The process of selecting wave events and distinguishing the wave mode in this study is as follows. Firstly, we conduct a wavelet analysis of THEMIS ion velocity and magnetic field data in GSM coordinates and choose the wave events that roughly satisfy the criteria mentioned above. Then, we transform from GSM to FAC coordinates for magnetic field and ion velocity data and calculate the electric field. To quantitatively distinguish the azimuthal or radial oscillating waves, a fast Fourier transform (FFT) analysis is applied to all three components of the ion velocity (Fig. 2).

Figure 2 shows two typical events (labeled A and B), with Event A occurring near $R\approx \mathrm{19}$ $R_{\mathrm{E}}$ from 05:50 to 06:50 UT on 1 February 2009 and showing azimuthal oscillations, and Event B occurring near $R\approx \mathrm{8}$ $R_{\mathrm{E}}$ from 07:28 to 08:28 on 11 April 2013 and showing radial oscillations. Figure 2 shows three components of the ion velocity (a–c), magnetic field (d–f), and calculated electric field (g–i), in addition to the total ion density (j) and total magnetic field (k), which are used for excluding mirror-like structures.
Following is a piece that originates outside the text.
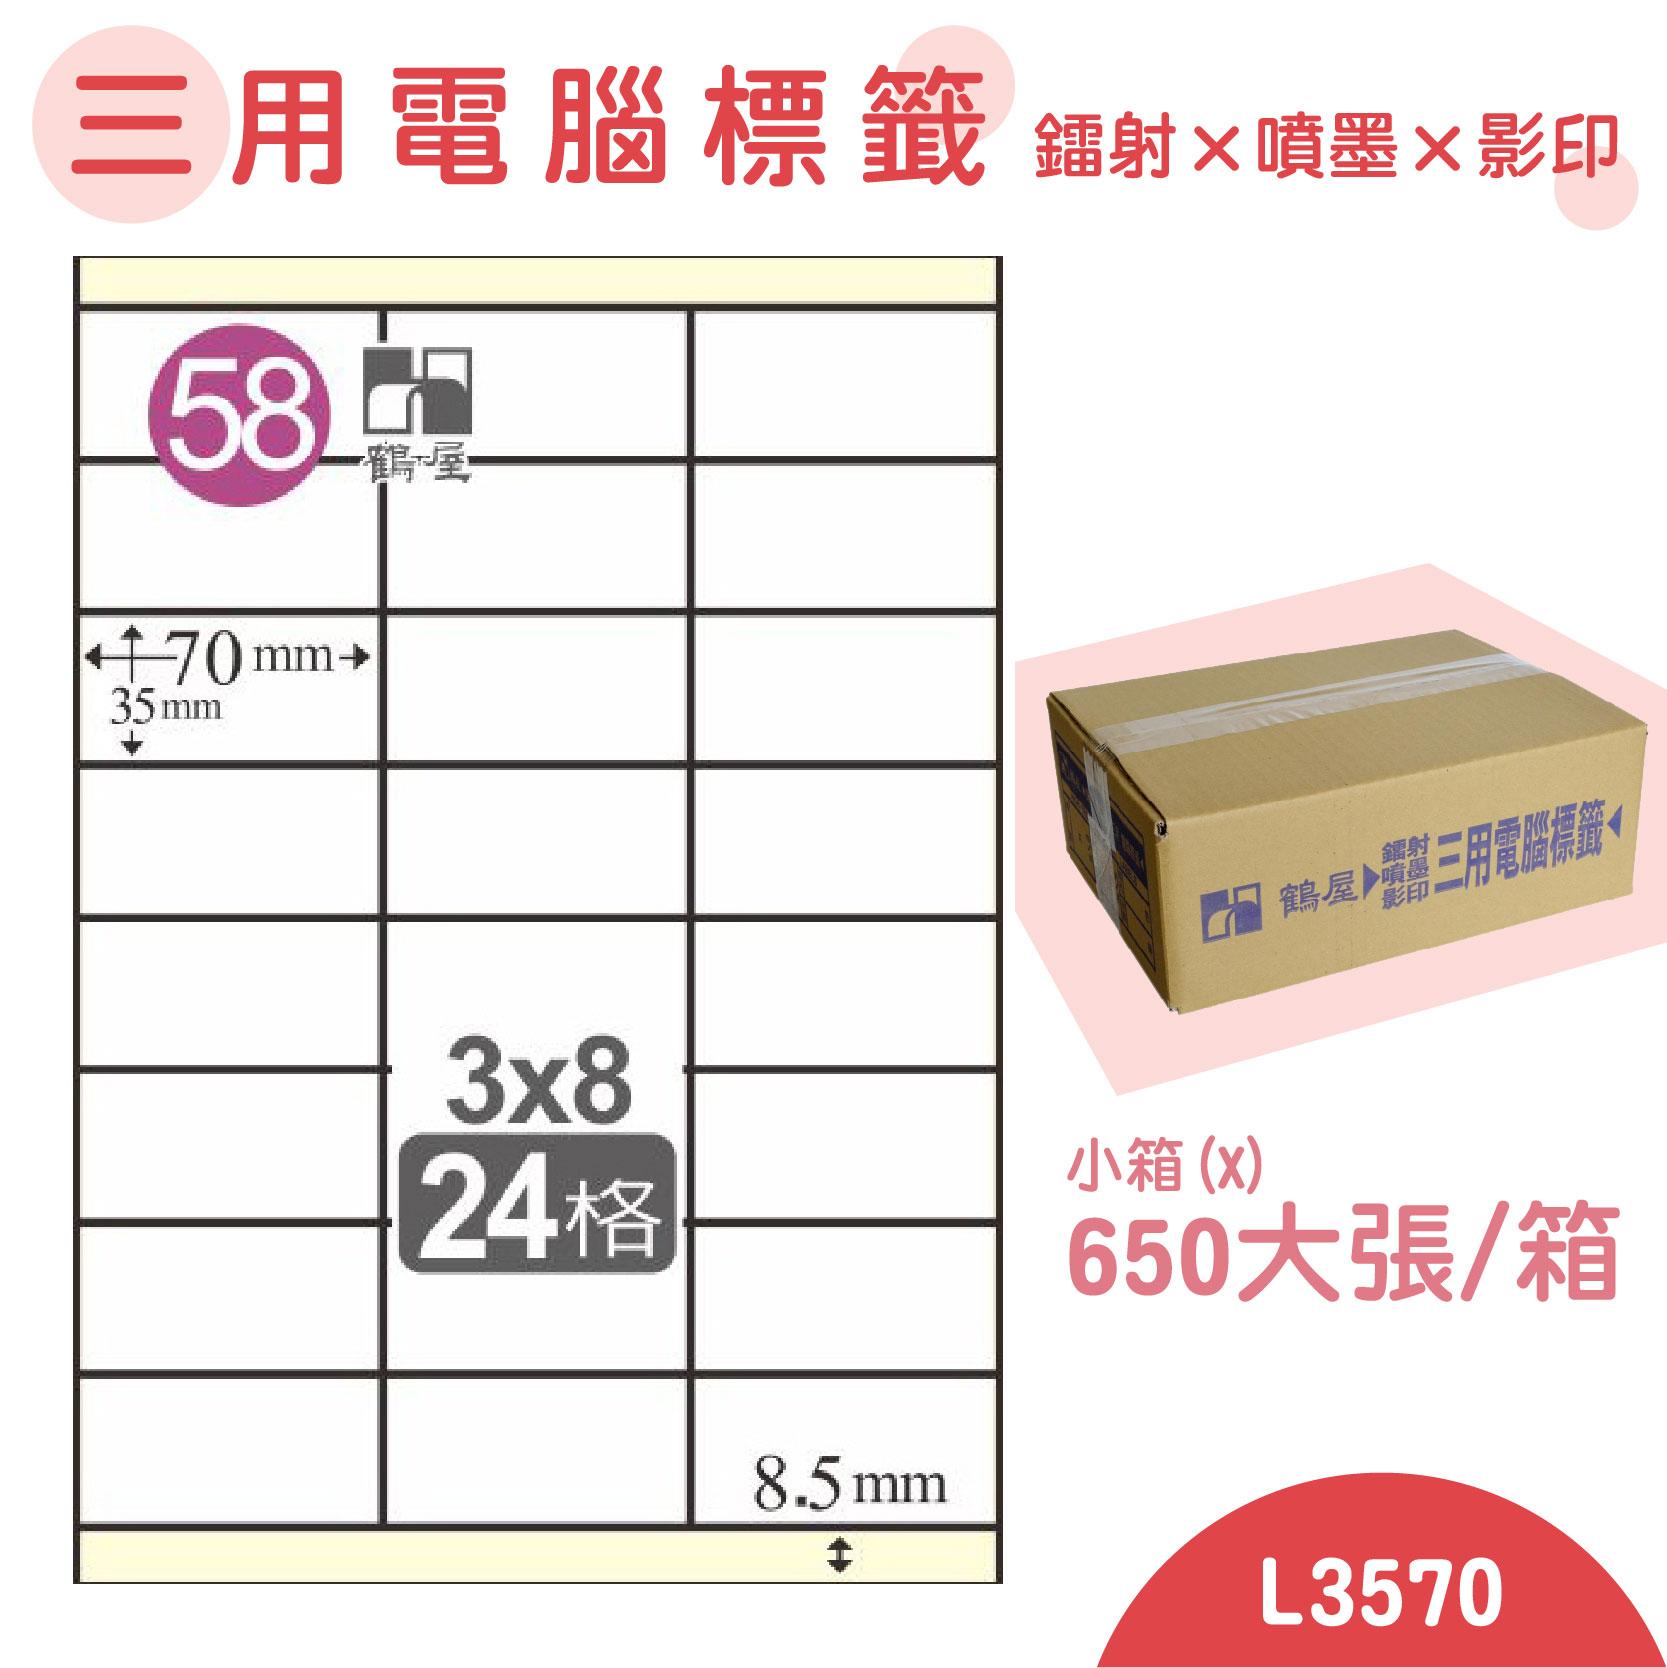 電腦標籤紙(鶴屋) 白色 L3570 24格 650大張/小箱 影印 雷射 噴墨 三用 標籤 貼紙 信封 光碟 名條

Figure 2l–n show the power spectral density (PSD) of the three components of the ion velocity derived by FFT. Only events with an obvious single spectral peak, similar to events A and B, are considered quasi-monochromatic waves and are selected in our list of events. In events A and B, the peak in the PSD of the dominant wave component exceeds its counterpart by a factor of 4, enabling their unambiguous designation as an azimuthal and radial oscillation event, respectively. Events for which the peak in the PSD in $V_a$ and $V_r$ have similar magnitudes are simply regarded as both an azimuthal oscillating event and a radial oscillating event. Note that the magnetic field vector used for calculating $E$ ($E=-\mathit{\delta }V\times B$) at each moment may deviate from the $z$-axis determined by the 30 min sliding average of the magnetic field data. Therefore, the $E_z$ component will have a small deviation from zero in the FAC coordinate system, as shown in Fig. 2g.

The average frequencies of azimuthal oscillating wave events (a) and radial oscillating wave events (b) in the GSM${}^{\ast }$ $X$-$Y$ plane.

[Figure omitted. See PDF]

In total, we find 1089 azimuthal oscillating wave events and 566 radial oscillating wave events, with an average event-time duration of $\sim \mathrm{54}$ min. Figure 3a and b show the spatial distribution of the number of events in the GSM${}^{\ast }$ $X$-$Y$ plane, both for azimuthal (left panel) and radial (right panel) oscillating wave events. The blank bins inside the magnetopause indicates that there are no events.

Statistical analysis

Occurrence rate

Figure 3c and d show the occurrence rates of azimuthal oscillating wave events (left panel) and radial oscillating wave events (right panel) in the GSM${}^{\ast }$ $X$-$Y$ plane. The color indicates the occurrence rate calculated by dividing the total duration of all events by the total duration of observations in each bin shown in Fig. 1. The blank bins inside the magnetopause indicate that there are no events. In the near-Earth region (8 $R_{\mathrm{E}}\mathit{<}R\mathit{<}\mathrm{12}$ $R_{\mathrm{E}}$), we can see that the occurrence rates of both azimuthal and radial oscillating events in the dusk and dawn flanks (18:00–21:00 MLT and 03:00–06:00 MLT) are higher than the midnight regions (21:00–03:00 MLT). For radial oscillating events, the occurrence rates of waves are higher on the dusk side than on the dawn side. For azimuthal oscillating events, the dawn–dusk asymmetry in the occurrence rates is less clear than that of radial oscillating events. In the magnetotail region (12 $R_{\mathrm{E}}\mathit{<}R\mathit{<}\mathrm{32}$ $R_{\mathrm{E}}$), the occurrence rates of both modes of waves are slightly higher in the post-midnight region. Note that, although no wave events are found in the dawn-side flank region (20 $R_{\mathrm{E}}\mathit{<}R\mathit{<}\mathrm{32}$ $R_{\mathrm{E}}$, 03:00–06:00 MLT), the total observation time is also very short (< 38 h) in this region. So we cannot conclusively say that the occurrence rates on the dusk side flank region are higher than that of the dawn side.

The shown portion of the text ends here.